Let consider $R$ as set of ordered pairs of objects. Then $(a, b)\in R$ has the usual interpretation: "$a$ is ordered at least as good as b at $R$". In case $(b, a)$ is also in $R$ we say that "both are ordered equally good". Where in case $(b,a)$ is not in $R$ we say that "$a$ is ordered above $b$" or "$b$ is ordered below $a$".



(After introducing metric we will see that it is possible to neglect — since they don't make further difference — such pairs as $(a, a), (b, b), (c, c)...$.)

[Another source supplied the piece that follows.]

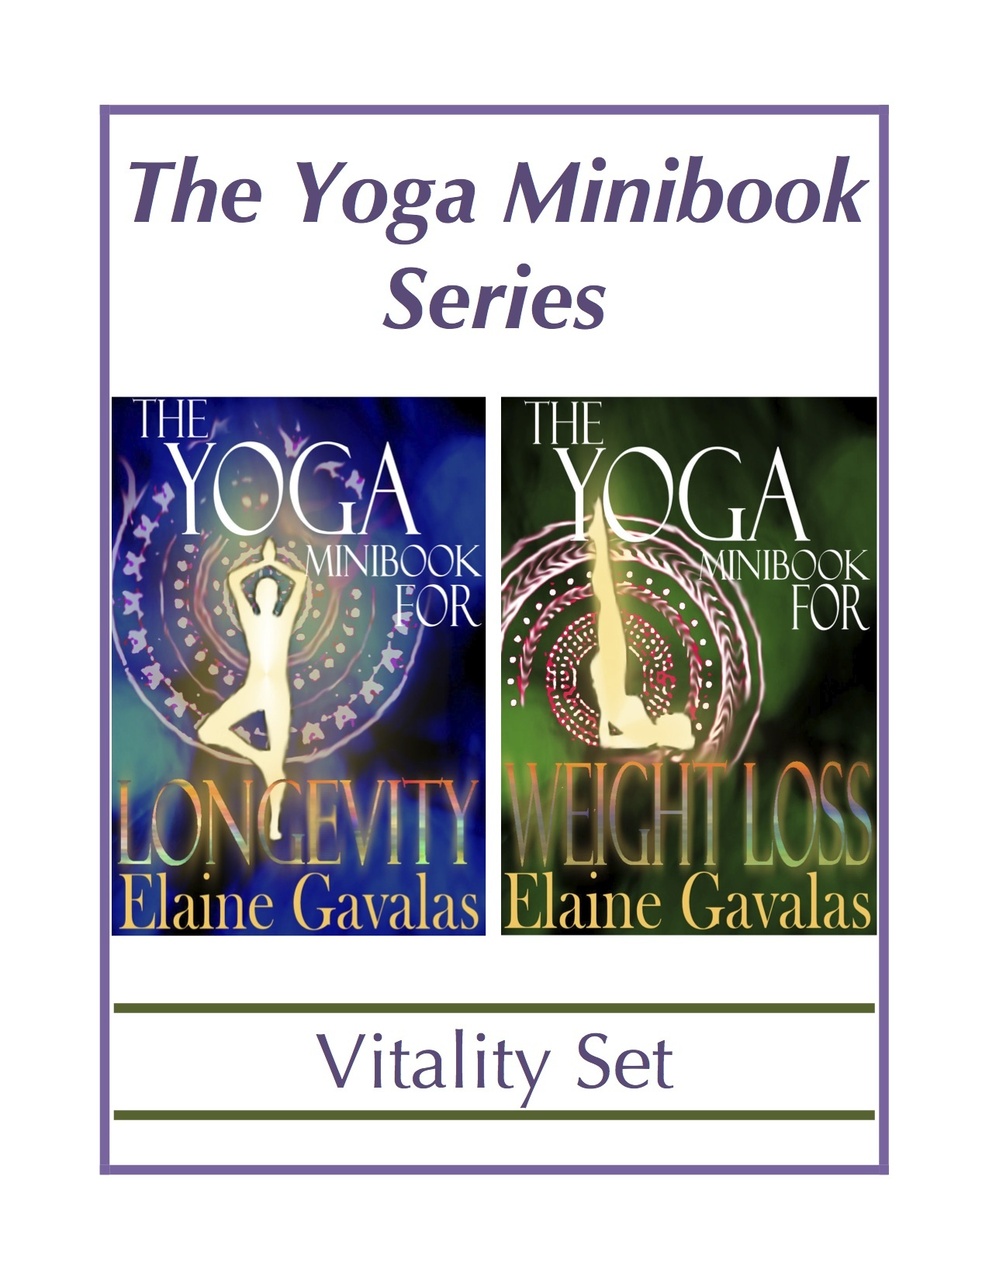 DR. ELAINE GAVALAS - THE YOGA MINIBOOK FOR WEIGHT LOSS & VITALITY SET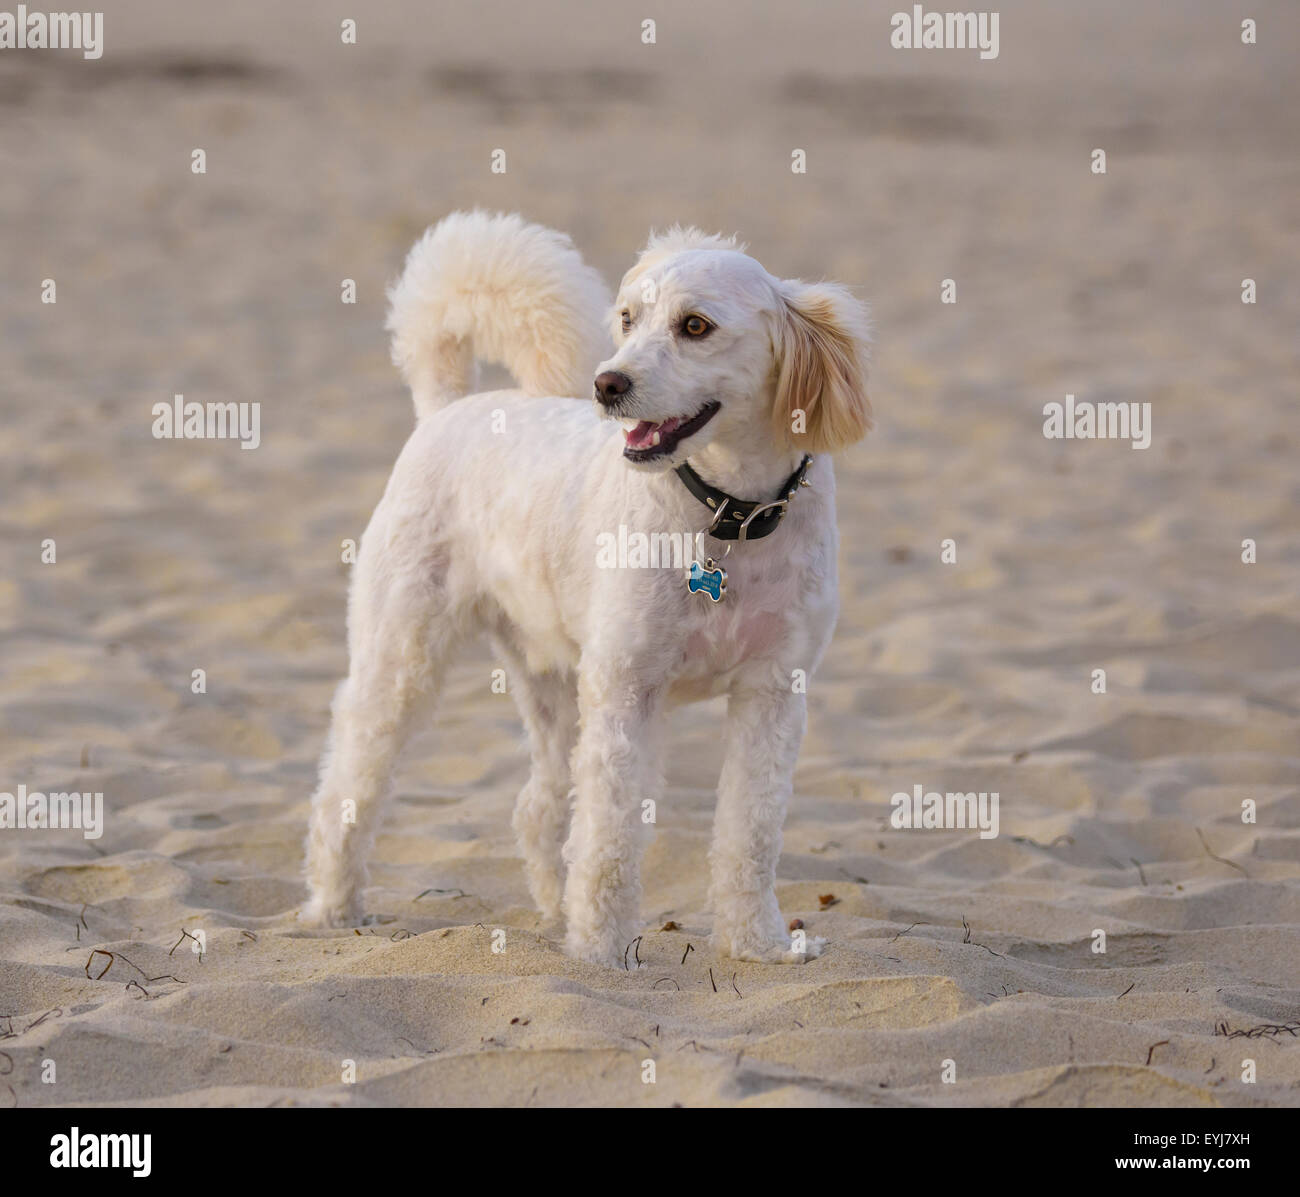 Poodle mix dog on beach sand Stock Photo

To demonstrate orderings notation, here are all possible orderings for $N=3$:


$\ R_1=\{(a, b), (a, c), (b, c)\}$


$\ R_2=\{(a, c), (a, b), (c, b)\}$


$\ R_3=\{(a, b), (a, c), (b, c), (c, b)\}$


$\ R_4=\{(b, a), (b, c), (a, c)\}$


$\ R_5=\{(b, c), (b, a), (c, a)\}$


$\ R_6=\{(b, a), (b, c), (a, c), (c, a)\}$


$\ R_7=\{(c, a), (c, b), (a, b)\}$



$\ R_8=\{(c, b), (c, a), (b, a)\}$


$\ R_9=\{(c, a), (c, b), (a, b), (b, a)\}$


$R_{10}=\{(a, b), (b, a), (a, c), (b, c)\}$


$R_{11}=\{(a, c), (c, a), (a, b), (c, b)\}$


$R_{12}=\{(b, c), (c, b), (b, a), (c, a)\}$


$R_{13}=\{(a, b), (b, a), (a, c), (c, a), (b, c), (c, b)\}$



For such notation we may introduce metric $\delta$ (so-called Kemeny distance) between any two orderings $R_1$ and $R_2$ by next way: $$\delta(R_1,R_2)=|R_1\setminus R_2|+|R_2\setminus R_1|$$ where $\setminus$ means set-theoretic difference; and $||$ means cardinality of set (i.e., number of elements, because sets are finite).


The required "collective" ordering $Ω$ (so-called Kemeny mean) is such ordering of given objects, that minimizes the sum of the squares of Kemeny distances to all "individuals" orderings, i.e.: $$Ω=\min \sum_{i=1}^{N } \delta(R_i,Ω)^2$$


In fact, $Ω$ may be not unique, there may be several $Ω_1, Ω_2, ...$ for which the appropriate sums of the squares of Kemeny distances are equal and minimal. So in general case $Ω$ is set of such $Ω_i$.



How to attack


So we have several of $R_i$ as input and the goal is to output $Ω$.


It looks, like there should be brute-force with one-by-one generating of possible ordering, calculating the sum of the squares of Kemeny distances to all input orderings and verifiaction for minimum.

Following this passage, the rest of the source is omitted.